Referring to fig. 7, a circuit schematic diagram of a synchronous rectification control circuit based on an LLC switching power supply in an embodiment, the synchronous rectification control circuit 100 includes two turn-off mask setting units 1, and each turn-off mask setting unit 1 sets a turn-off mask time of one rectification MOS transistor in the LLC switching power supply. The time information t is fed through the first comparator of the two shut-off mask setting units 1 1-1 、t 2-1 And t 2-0 Converting into voltage information V1, controlling each switching tube circuit (first switching circuit S1, second switching circuit S2 and third switching circuit S3) by detection control logic, and transmitting signalThe first voltage multiplier or the second comparator is fed, and the second comparators of the two turn-off shielding setting units 1 respectively output comparison results to be determined to be increased to T z1_new Or default T z1 Time. It detects V DS The time sequence of the voltage has a certain rule and sequence, and two effective detection sequence logics exist in total, so that the T can be confirmed fastest z Values. In one embodiment, the detection control logic is as follows:
1. detection of V DS2 After which t is obtained 2-1 Time period, detection V DS1 After which t is obtained 1-1 Time period, t 2-1 Time period and t 1-1 The comparison of the time periods can confirm T z1 Detection of V DS2 After which t is obtained 2-0 Time period, detection V DS2 After which t is obtained 2-1 Time period, t 2-0 Time period and t 2-1 The comparison of the time periods can confirm T z2 。

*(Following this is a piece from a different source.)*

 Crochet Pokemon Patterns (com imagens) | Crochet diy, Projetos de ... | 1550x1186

2. Detection of V DS2 After which t is obtained 2-0 Time period, again detect V DS2 After which t is obtained 2-1 Time period, t 2-0 Time period and t 2-1 The comparison of the time periods can confirm T z2 Detection of V DS1 After which t is obtained 1-1 Time period, t 2-1 Time period and t 1-1 The comparison of the time periods can confirm T z1 ;
The detection control logic can rapidly confirm the shielding time T through detection and comparison z1 And T is z2 . It should be emphasized that the control strategy is not limited to be used in LLC switching power supplies, and referring to fig. 8 and 9, which are switching power supply circuits based on the Flyback synchronous rectification technique and the AHB synchronous rectification technique, respectively, and when there is only one synchronous rectification MOS transistor, the confirmation T can be used as well z2 For T z2 Effectively controlling the masking time of the (c). Thereby achieving the purpose of detecting and inhibiting the false opening of ringing.

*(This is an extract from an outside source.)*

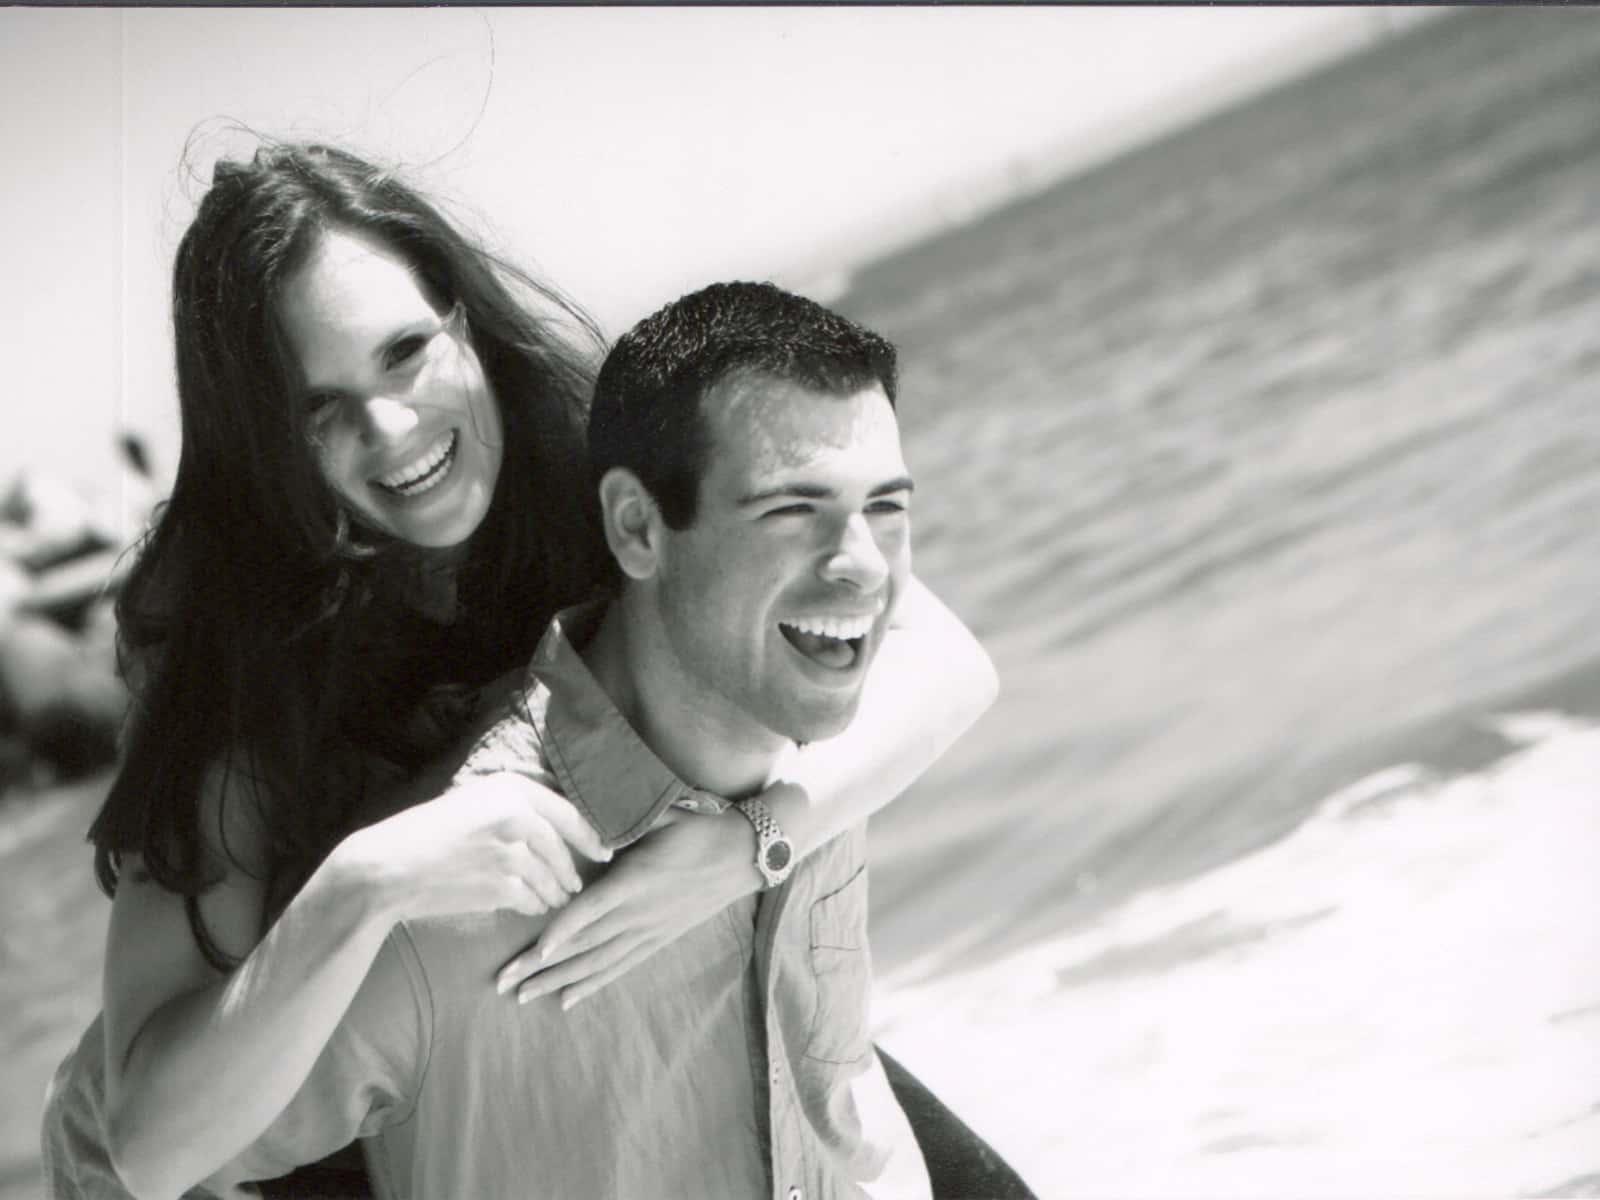 Aaron and rachael & Rachael from Puerto Vallarta, Mexico

The synchronous rectification control circuit for inhibiting the false turn-on of the rectifier tube ringing comprises a turn-off shielding setting unit for setting the turn-off shielding time of the rectifier MOS tube. The turn-off shielding setting unit comprises a monitoring circuit, a gain setting circuit and a turn-off time setting circuit, wherein the monitoring circuit monitors voltage signals between the drain electrode and the source electrode of the rectifying MOS tube, and outputs a second preset voltage signal to the gain switching circuit when the first monitoring voltage signal is larger than a preset first preset voltage signal. The gain switching circuit outputs the gain A times of the second preset voltage signal to the turn-off time setting circuit. And the turn-off time setting circuit adjusts turn-off shielding time of the rectifying MOS tube according to a comparison result of the first gain voltage signal and the second preset voltage signal. The turn-off shielding time of the rectifier MOS transistor is dynamically adjusted according to the actual working voltage of the rectifier MOS transistor, so that the synchronous rectifier circuit can not be switched on by mistake due to multi-period oscillation, and the reliability of the whole system is improved.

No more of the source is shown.